The passenger section of a continuous-flow oxygen system may consist of a series of plug-in supply sockets fitted to the cabin walls adjacent to the passenger seats to which oxygen masks can be connected. Flow is inhibited until a passenger manually plugs in. When used as an emergency system in pressurized aircraft, depressurization automatically triggers the deployment of oxygen ready continuous-flow masks at each passenger station. A lanyard attached to the mask turns on the flow to each mask when it is pulled toward the passenger for use. The masks are normally stowed overhead in the passenger service unit (PSU). [Figure 16-15] Deployment of the emergency continuous-flow passenger oxygen masks may also be controlled by the crew. [Figure 16-16]
Continuous-flow oxygen masks are simple devices made to direct flow to the nose and mouth of the wearer. They fit snugly but are not air tight. Vent holes allow cabin air to mix with the oxygen and provide escape for exhalation. In a rebreather mask, the vents allow the exhaled mixture that is not trapped in the rebreather bag to escape. This is appropriate, because this is the air-oxygen mixture that has been in the lungs the longest, so it has less recoverable oxygen to be breathed again. [Figure 16-17]
When oxygen is delivered only as the user inhales, or on demand, it is known as a demand-flow system. During the hold and exhalation periods of breathing, the oxygen supply is stopped. Thus, the duration of the oxygen supply is prolonged as none is wasted. Demand-flow systems are used most frequently by the crew on high performance and air transport category aircraft. [Figure 16-18]

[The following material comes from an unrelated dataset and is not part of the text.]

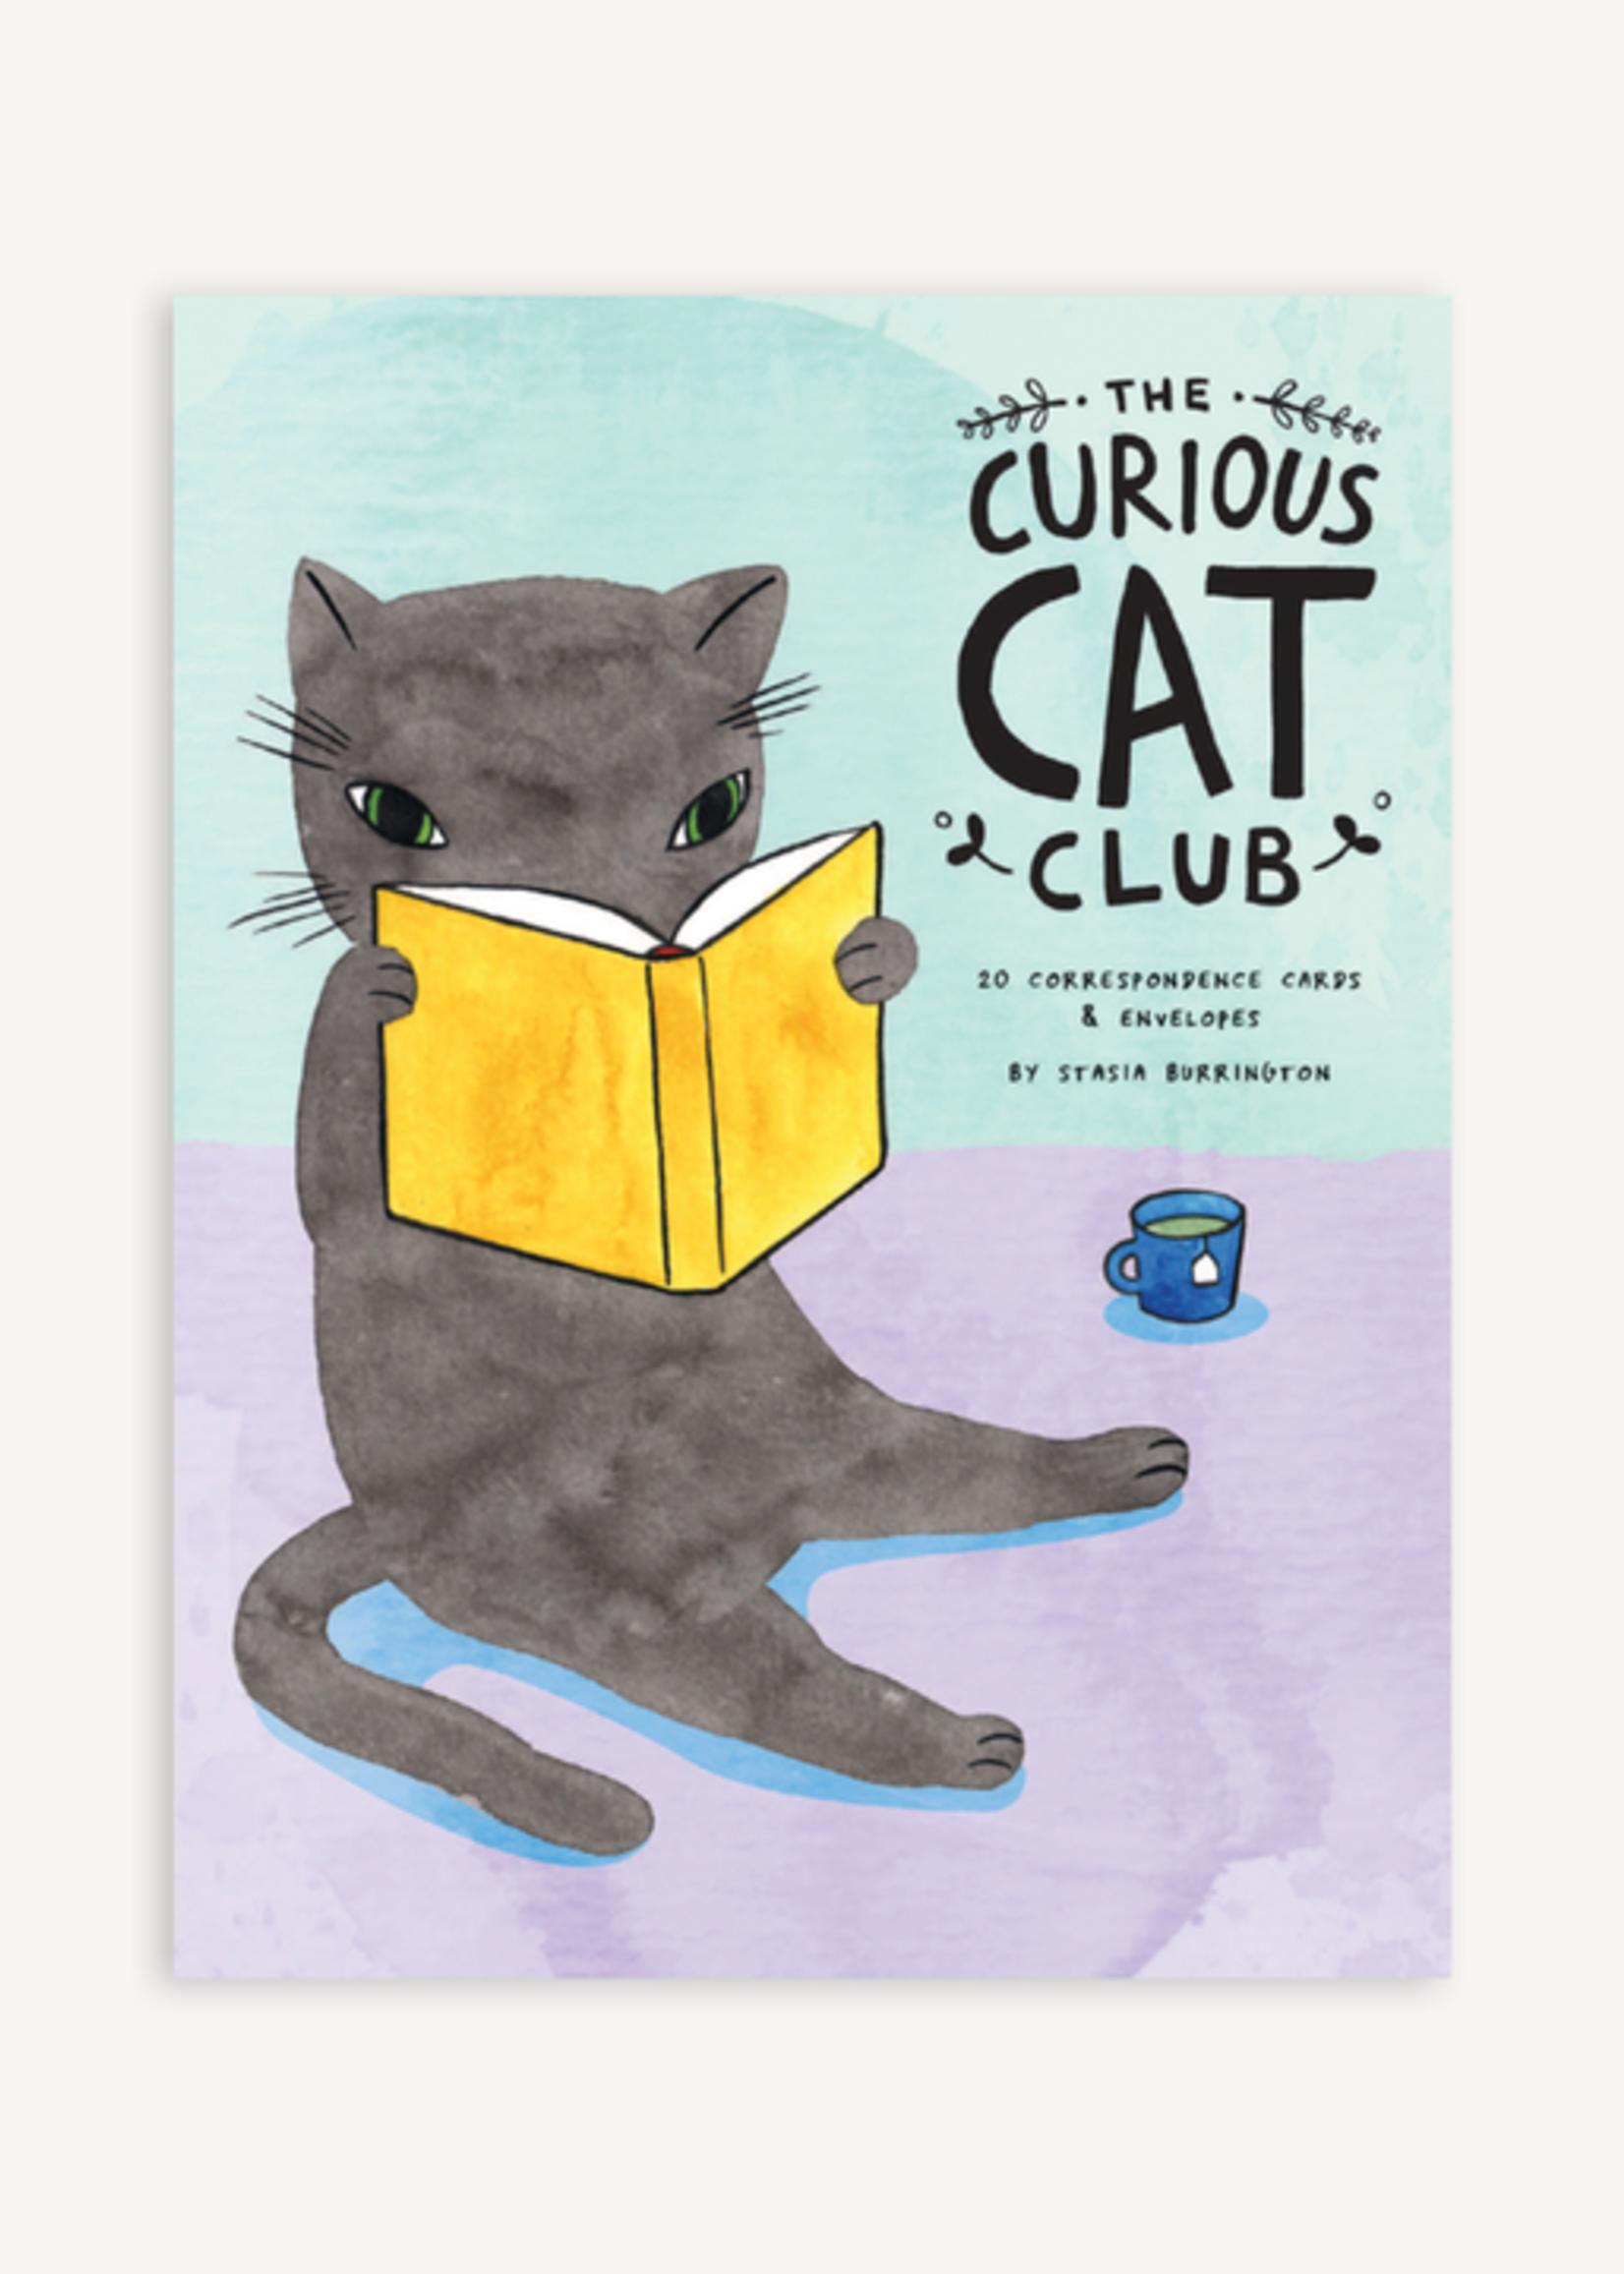 The Curious Cat Club Correspondence Cards by Stasia Burrington

Demand-flow systems are similar to continuous-flow systems in that a cylinder delivers oxygen through a valve when opened. The tank pressure gauge, filter(s), pressure relief valve, and any plumbing installed to refill the cylinder while installed on the aircraft are all similar to those in a continuousflow system. The high-pressure oxygen also passes through a pressure reducer and a regulator to adjust the pressure and flow to the user. But, demand-flow oxygen regulators differ significantly from continuous-flow oxygen regulators. They work in conjunction with close-fitting demand-type masks to control the flow of oxygen. [Figure 16-19]
In a demand-flow oxygen system, the system pressurereducing valve is sometimes called a pressure regulator. This device lowers the oxygen pressure from the storage cylinder(s) to roughly 60–85 psi and delivers it to individual regulators dedicated for each user. A pressure reduction also occurs at the inlet of the individual regulator by limiting the size of the inlet orifice. There are two types of individual regulators: the diluter-demand type and the pressure-demand type. [Figure 16-20]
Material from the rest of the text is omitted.